Referring to FIG. 4C, the defect area DA1 may be selected so that the defect 1 is located at the center of the defect area DA1. Here, it is assumed that the defect (defect1) is formed at a specific position of the optical film, and the marking type corresponding to the defect (defecet1) is a 3X3 matrix type as shown in FIG. 4A. The control unit 1400 includes the location of the defect (defect1) on the transferred optical film and forms a first marking in the first column of the corresponding marking type, a square-shaped defect area DA1 having a side length of about 20 mm. You can choose. The control unit 1400 operates two first marking units 1311 and one second marking unit 1321 capable of forming a marking shape corresponding to a defect (defecet1) in the defect area DA1. ) Can be selected.

The defect area DA may be selected differently depending on which of the first markings or the second markings is formed in the first column of the matrix type marking type. For example, as in the right area of FIG. 4C, the defect area DA2 may be selected so that the defect 2 is not located in the center of the defect area DA2. Here, it is assumed that the defect2 is formed at a specific position of the optical film, and the marking type is a 3X3 matrix type as shown in FIG. 4B. The control unit 1400 is a square-shaped defect area DA2 having a side length of about 20 mm, which includes a location of the defect 2 on the transferred optical film and can form a second marking in the first column of the corresponding marking type. You can choose. The control unit 1400 operates two second marking units 1321 and one first marking unit 1311 capable of forming markings corresponding to the defect 2 in the defective area DA2. You can choose

An example of the operation of the optical film marking system 1000 of the present invention described above is as follows.

The optical film may be transferred by rotation of the supply roll 1110 and/or the transfer roll 1130. After the inspection process and the marking process described below are performed, the optical film may be wound up by rotation of the winding roll 1120.

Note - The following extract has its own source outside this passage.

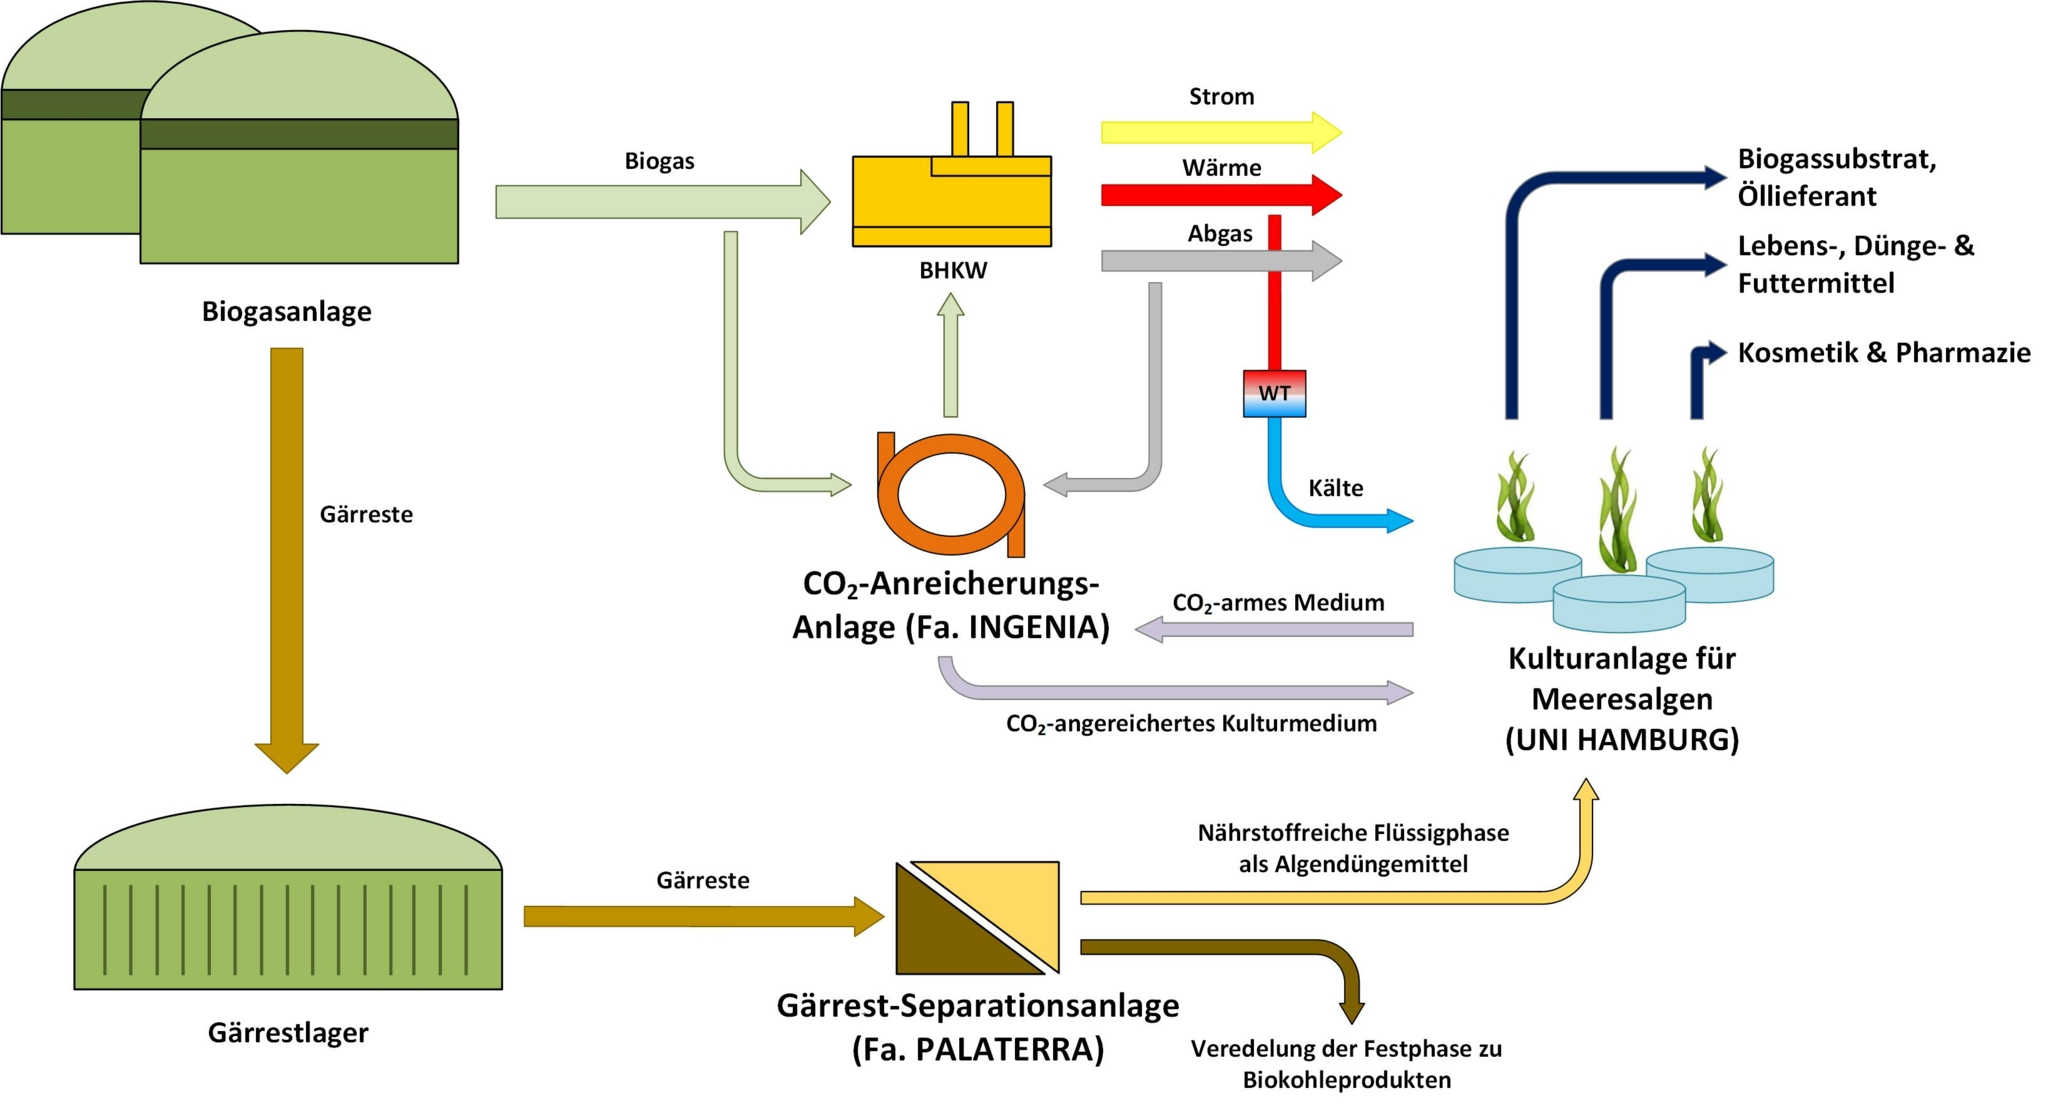 Zu sehen ist die schematische Darstellung aller Faktoren, die bei der Biogasanlage beteiligt sind, inklusive der Kulturanlage für Meeresalgen.

The inspection unit 1200 may perform an inspection process for inspecting defects in the optical film transferred by the transfer unit 1100. For example, the inspection unit 1200 irradiates light to the optical film through the light source 1200a of the optical inspection device, and measures the amount of transmitted light transmitted through the optical film through the light receiving unit 1200b or reflected light reflected by the optical film. By measuring, defects of the optical film can be inspected. The inspection unit 1200 may include a plurality of inspection devices. The inspection device may inspect the optical film and transmit the inspection result to the defect information extraction unit 1500. The defect information extraction unit 1500 may generate defect information including information such as presence, type, degree, and location of defects based on the inspection result. The generated defect information may be transmitted to the control unit 1400. When the defect information is transmitted to the control unit 1400, the control unit 1400 may select marking type information related to the marking type corresponding to the defect information from among a number of marking type information previously stored in the marking type storage unit 1600. The controller 1400 may select the defect area DA based on at least one of defect information including defect location information and marking type or marking type information corresponding to the defect information. The control unit 1400 includes at least one motion marking unit to be operated from among the plurality of first marking units 1311 and the plurality of second marking units 1321 based on the marking type and/or the marking type information and the defect area DA. (AM) can be selected. The control unit 1400 determines the number of operations of the motion marking unit AM based on the marking type and/or marking type information, and the motion marking unit AM determines the number of times and time intervals during which the optical film is being transferred. It can operate to form a marking on the optical film.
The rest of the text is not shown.